Даша нагнулась, и, пристально посмотрев в глаза Долинского, спросила:

– Вы, кажется, все еще дуетесь?

– Нет, за что же?

– То-то. Видели вы, как поляки лошадей запрягают?

– Видел.

– Ну, как?

– В шоры.

– Нет, вот тут на голову – как это называется?

Даша приложила ладони к своим вискам.

– Наглазники.

– Ну, да, наглазники. Вот эти самые наглазники есть у польских женщин. По дороге они идут хорошо, а в сторону ничего не видят. Или одна крайность, или другая чрезвычайность.

– Как это, Дорушка?

– А так: или строгость, или уж распущенность, есть своеволие, а между тем свободы честной нет.

– А у наших есть?

– Ну, как же равнять! – отвечала, качая головкой, Дора.

– Способнее, полагаете, наши к честной свободе-то?

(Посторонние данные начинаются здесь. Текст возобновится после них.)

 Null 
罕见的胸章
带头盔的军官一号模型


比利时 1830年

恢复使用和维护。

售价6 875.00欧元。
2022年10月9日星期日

– Еще бы! Как их можно и сравнивать в этом отношении! У наших, действительно, смелость; наши женщины—хорошие женщины; они, действительно, хотят быть честно свободными.

– Да много ли их?

– Разумеется, немного пока; а погодите, я уверена, что с нашими женщинами будет жить легче, чем со всякими другими. Ведь неплохо и теперь живется с ними? – добавила она, улыбаясь.

– Хорошо, Дорушка, – отвечал спокойно Долинский.

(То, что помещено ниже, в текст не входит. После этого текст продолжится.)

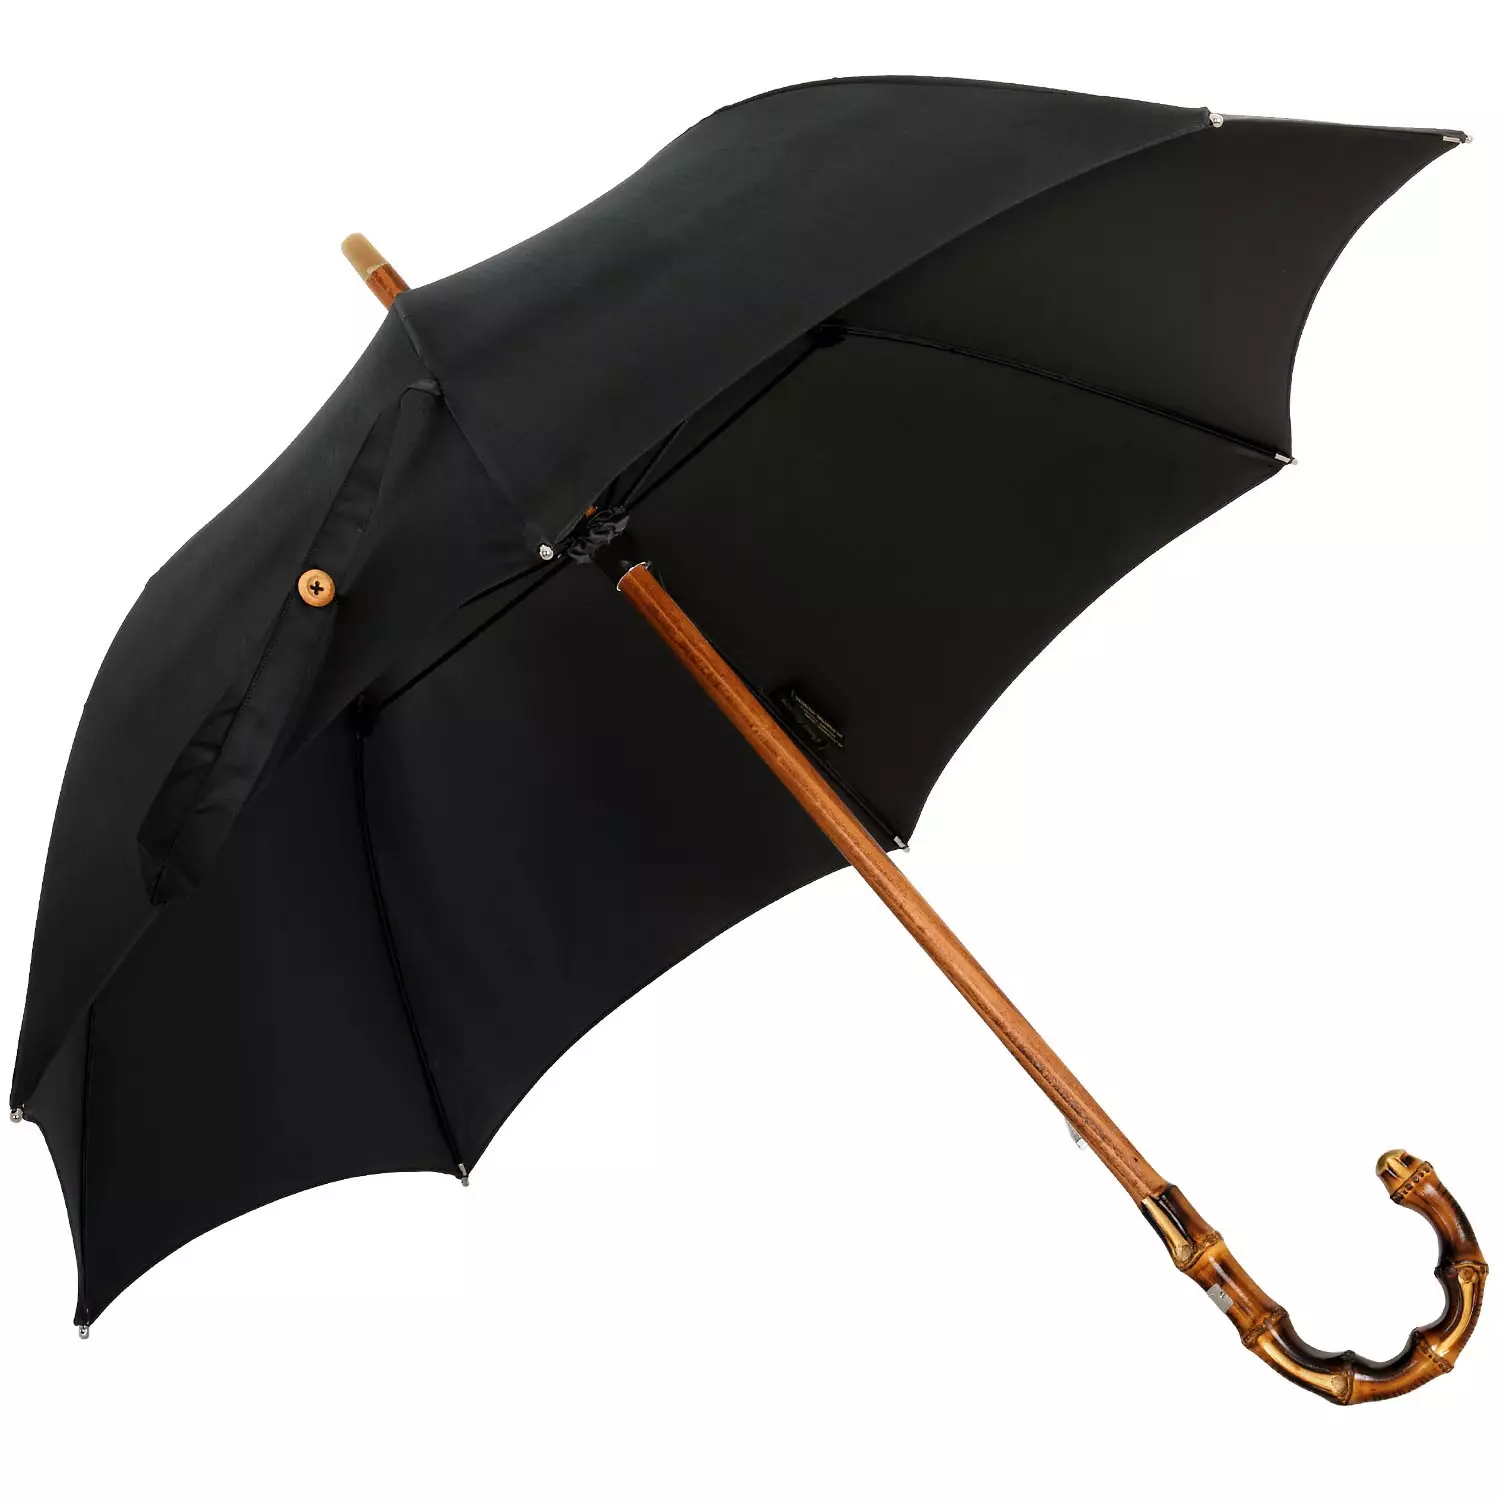 Umbrella negra (47 fotos): canya de dona 15217_14

– А что, кого вспомнили? Долинский улыбнулся и отвечал:

– Какая вы наблюдательная, Дора!

– А вы это только теперь заметили?

– Только теперь.

– Ну, да! Ведь я недаром говорила, что в два года вы меня хорошенько не рассмотрели!

Даша помолчала, вздохнула и проговорила:

– Что-то она теперь поделывает?

На другой день, по приезде в Ниццу, Долинский оставил Дашу в гостинице, а сам до изнеможения бегал, отыскивая квартиру. Задача была немалая. Даша хотела жить как можно дальше от людных улиц и как можно ближе к морю. Она хотела иметь комнату в нижнем этаже, с окнами в сад, невысоко и недорого.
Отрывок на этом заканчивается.